The global semiconductor manufacturing industry is on track for recovery in the fourth quarter of 2023, setting the stage for continued growth in 2024, Semi and Techinsights predict. Q4 IC sales are expected to rise 4 percent sequentially as end demand improves and inventories normalize. Electronic sales are predicted to register a robust 22 percent quarter-over-quarter increase in Q4 2023.
Despite the improvement in electronics and IC sales, semiconductor manufacturing indicators remain soft. Fab utilization rates and capital expenditures continue to decline in the second half of this year. Overall, capex on non-memory is expected to outperform memory in 2023, but even spending in the non-memory segments has begun to weaken. Total capital expenditures in Q4 2023 are hovering at the levels seen in Q4 2020.

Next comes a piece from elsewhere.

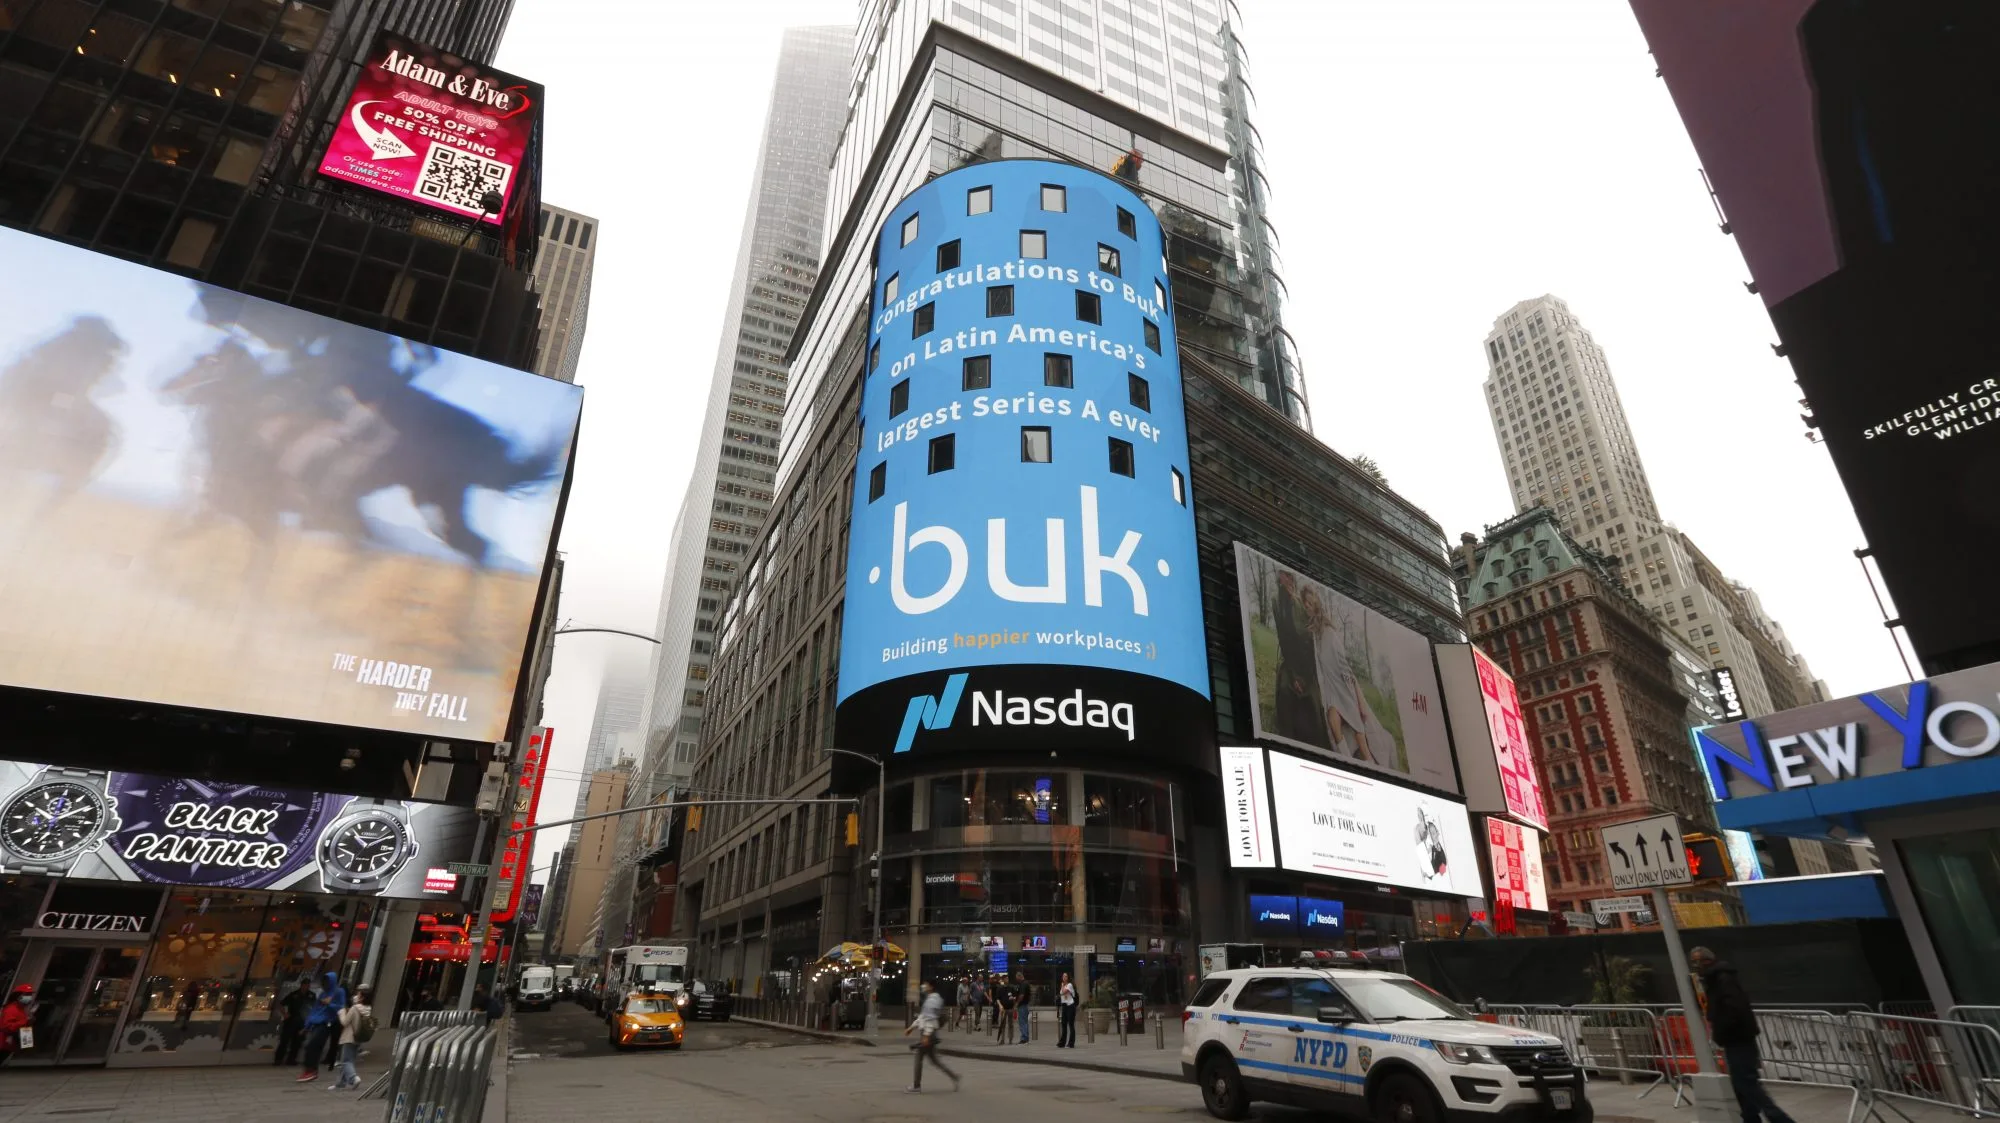 Chile-based Buk HR Raises $50M in Series A Funding Round

While overall semiconductor capital equipment sales are declining in line with capital expenditures, the contraction in wafer fab equipment spending has turned out to be much shallower than expected this year. Furthermore, back-end equipment billings are projected to increase in Q4 2023.
“While semiconductor markets have seen year-over-year declines the last five quarters, year-over-year growth is expected to return in the fourth quarter of 2023 as production cuts have worked their way through the supply chain,” says Boris Metodiev, director of market analysis at Techinsights. “On the other hand, front-end equipment sales have been performing much better than the IC market, buoyed by government incentives and the filling of backlogs, strengths expected to continue next year.”